In the summer of 1986, the Museum of Modern Art mounted the Vienna 1900 exhibition and acquired Gustav Klimt’s Hope II (1902), thereby admitting Klimt and his Zeitalter into the official canon of modern art. Despite this belated acknowledgement, and setting aside for a moment his fervent participation in the Wiener Secession (“Der Zeit Ihre Kunst und Der Kunst Ihre Freiheit”), Klimt still looks very much like a late 19th-century artist working in a conservative center at the edges of Europe that valued historicism, eclecticism and high-gloss academic finish. In his early work from the 1890s, he changes styles depending on the job—meticulous, hard-edged idealization for official public commissions like the Kunsthistorisches Museum vestibule murals, to gauzy, soft-focus late Impressionism for portraits and landscapes to murky Symbolist topoi executed in a slick,Jugendstil serpentine manner.

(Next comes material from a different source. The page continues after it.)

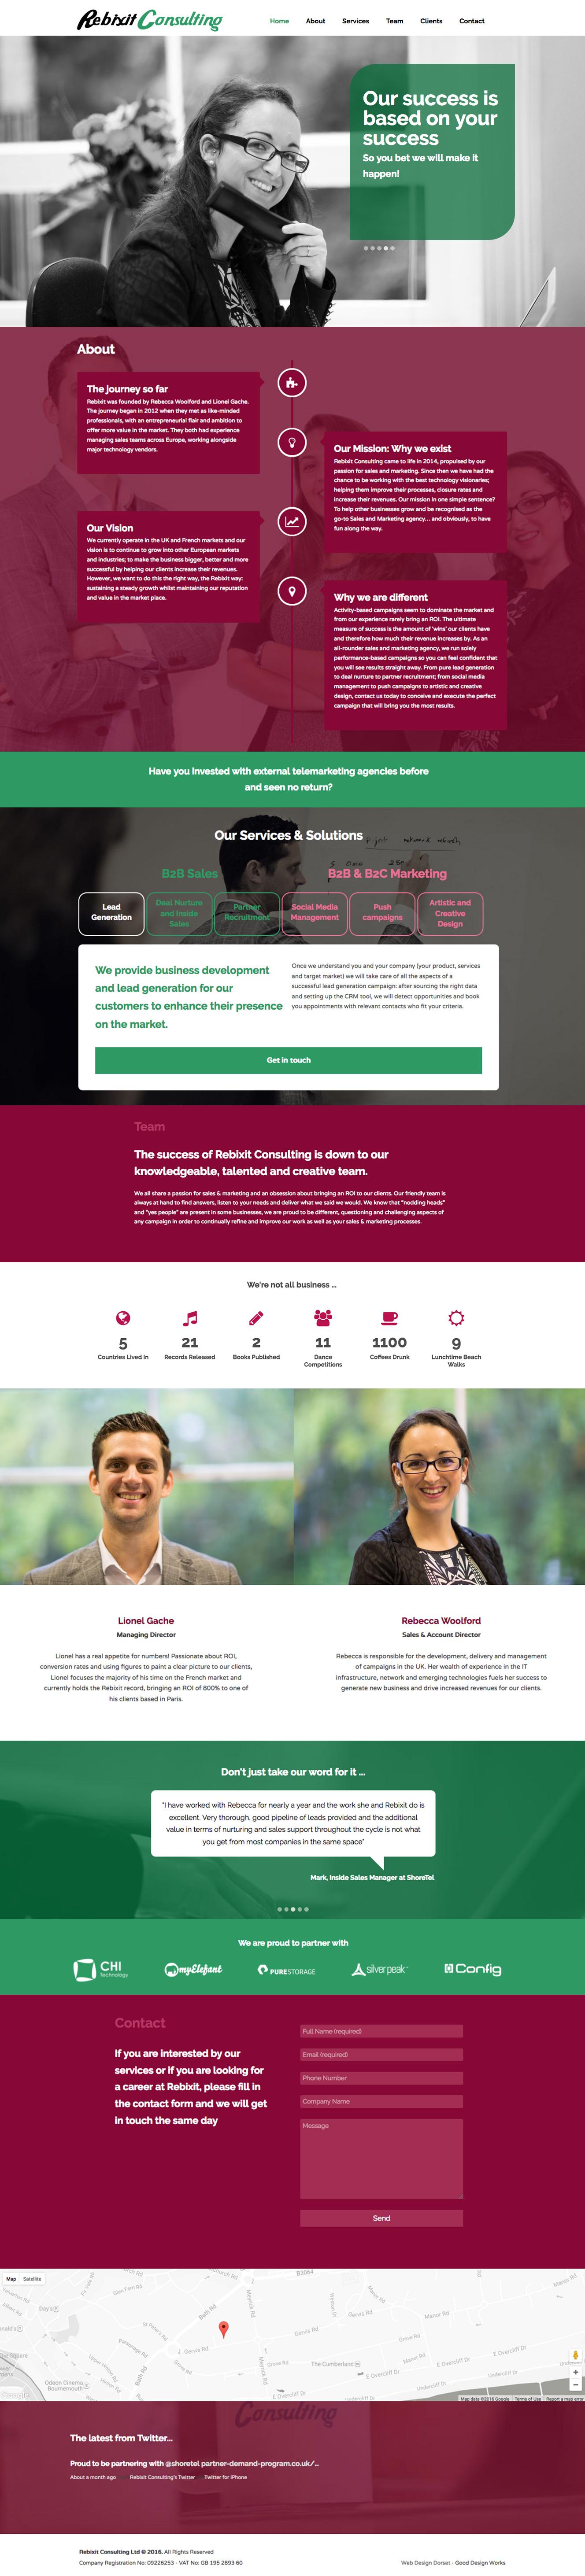 Our Work Portfolio Website Design Cool Designs Website Design
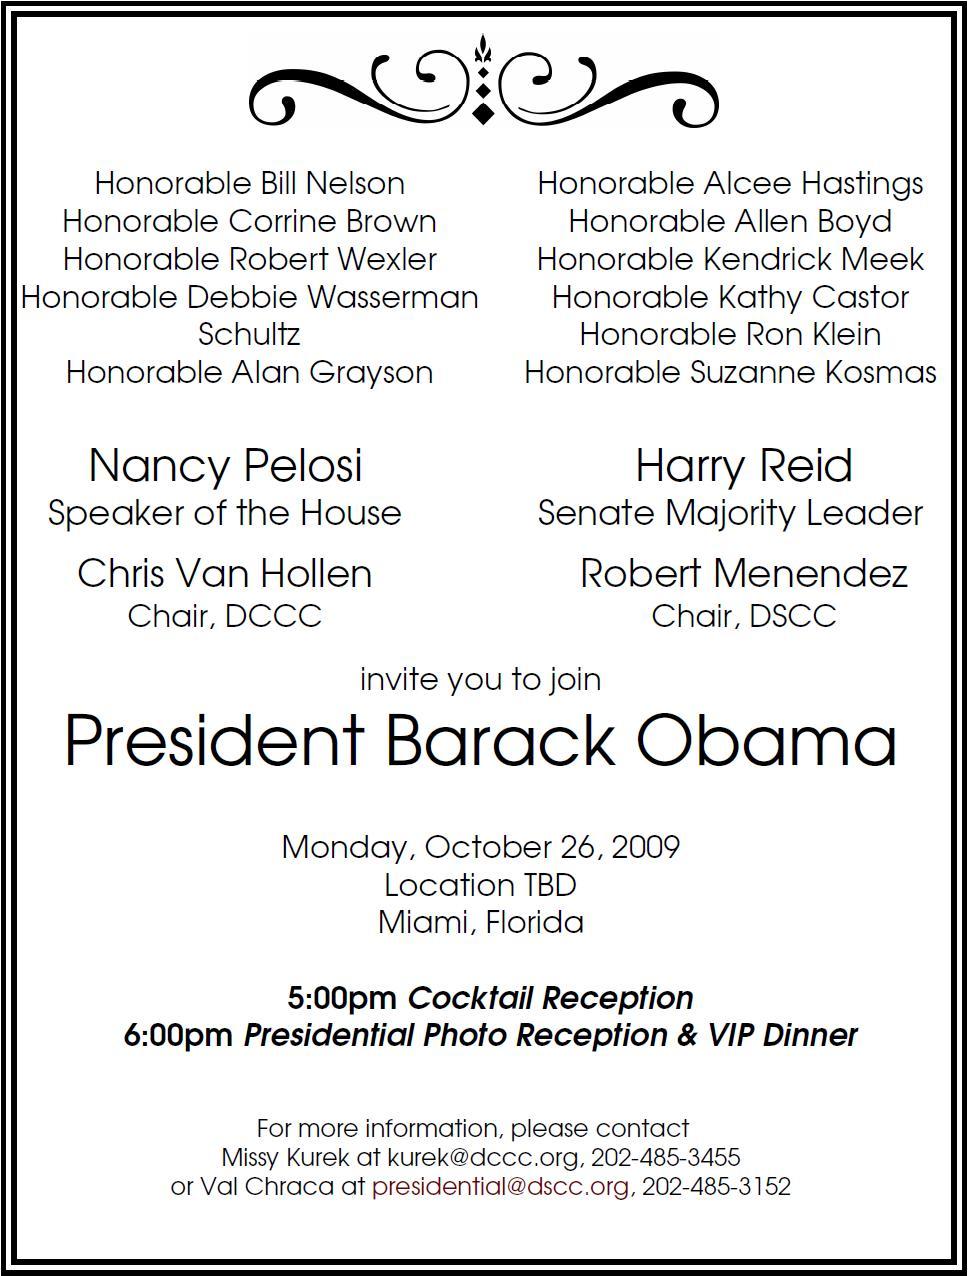 Dine with obama in miami for 100k naked politics miamihsvf xflitez Images

This isn’t quite the eclecticism of the Ringstraße, that schizophrenic collection of revival-styles emblematizing the problem of 19th-century historical self-consciousness in general, which the Secession categorically opposed. Klimt’s eclecticism consists of an ability to inhabit fully and to replicate perfectly a range of styles, each closely associated with other, usually French, painters, without privileging one over the other. This nearly post-modern agnosticism is most visible in Klimt’s landscapes, a genre in which he worked throughout his career. Here, his palette of styles ranges from plein air Impressionism and, more specifically, Monet’s Nymphéas, to the pointillism or Seurat and Pissarro to the expressionism of Van Gogh. It’s not hard to see why Klimt worked this way—each mode has its own gorgeous effects and, is suited to particular landscape sub-genres and his technical mastery of all of them is breathtaking.
The overall application of uniform, atomized, pin-points of pigment to the picture plane in representations of trees—Rose, Birnbaum and, most winningly, in Der Park—is the closest Klimt gets to a modernist concern. This exploration of surface effects on differs considerably from the broadly applied decorative patterning seen in the golden paintings, which in its derivation from Byzantine mosaics, is another example of eclectic historicism. His landscapes are also free of the lurid, psycho-sexual heavy-breathing of the golden paintings and other Symbolist-inflected works, which, ironically, makes them seems more modernist than the works he himself would have considered his most avant garde.